The 1950’s were a simpler time.

Being a father is freaking tough.  I’m not saying being a mother is easy either.  But I only know my role, sort of.  I’m doing the best I can as each day goes on.  The guidance I have to refer to is my father, tv sitcom fathers (I wish I was living in Silver Spoons when I was a kid), and all my friends who are fathers trying their best at this game as well.

  

  

Here’s what I’ve learned so far from this fatherhood thing:

  • Being a father is more than just donating sperm to fertilize an egg.
  • Being a father isn’t just about being a best friend to your children, but it can be part of it.
  • Being a father means having to be there, or listen to their problems, even when you really don’t want to.
  • Being a father isn’t an easy road to navigate, there are many hurdles.
  • Being a father is the greatest experience I have ever had.

Why you little…

Not only is being a father hard work, it isn’t for everyone.  I’ve caught myself going into full rage frustration with my face getting red, my teeth grinding, and the vein in the center of my forehead about to burst… All because one of my children didn’t turn off their iPad when I asked for the fifth time in two minutes.  With me waiting so they could come and dry some dishes, and they respond with attitude as if I’m ruining their life!  What about my life?  I didn’t dream that in my late 30’s I’d be doing dishes on a Saturday night hoping to be in bed by ten.  Just so that in the morning I can be on their cases again the next day, hunting them down to do homework.  I hate that when I raise my voice, I hear my father’s anger come through in me.  If he were alive today, he’d probably smile smuggly, knowing I did pretty much the same thing to him when I was a child.

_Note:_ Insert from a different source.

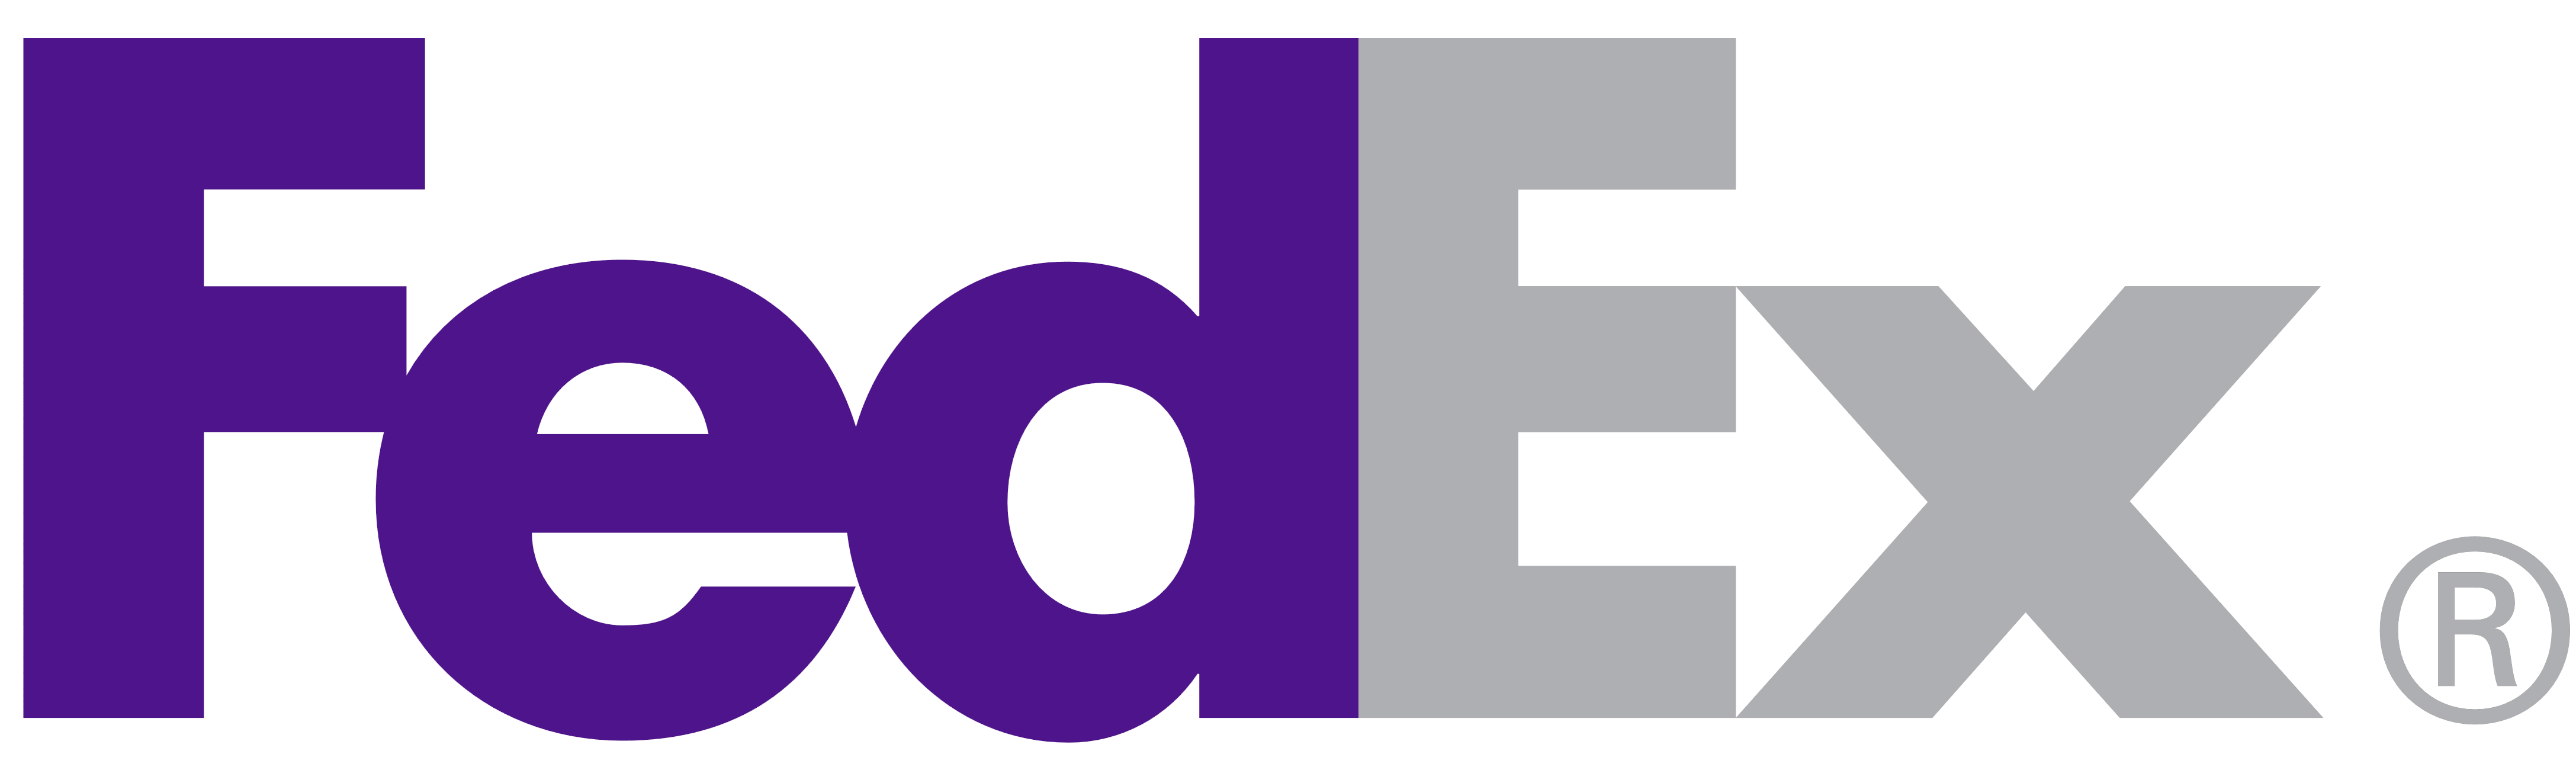 New FedEx Logo - FedEx – Logos Download

I am doing my best to make a good life for my children.  I’d like to protect them from the mistakes I made growing up.  I want them to be fully functioning contributing members of society when they grow up.  Being a father is also fantastic.  I see my children accomplish more than I could have anticipated.  I love bragging about my children.  They sometimes bring me gifts and are always on the lookout for something dad would like.  

I often see a bit of myself come out in my son’s behavior.  I hope that through his eyes, he sees a man doing his best with what he has.  My daughters both test my patience and can pull on my heartstrings and manipulate me easily.  That being said, I do hope that my daughters see what a man should be by how I treat my wife and how I treat them.  

I hope one day they each of my kids have kids of their own, so that I can smile smuggly as the circle of life continues.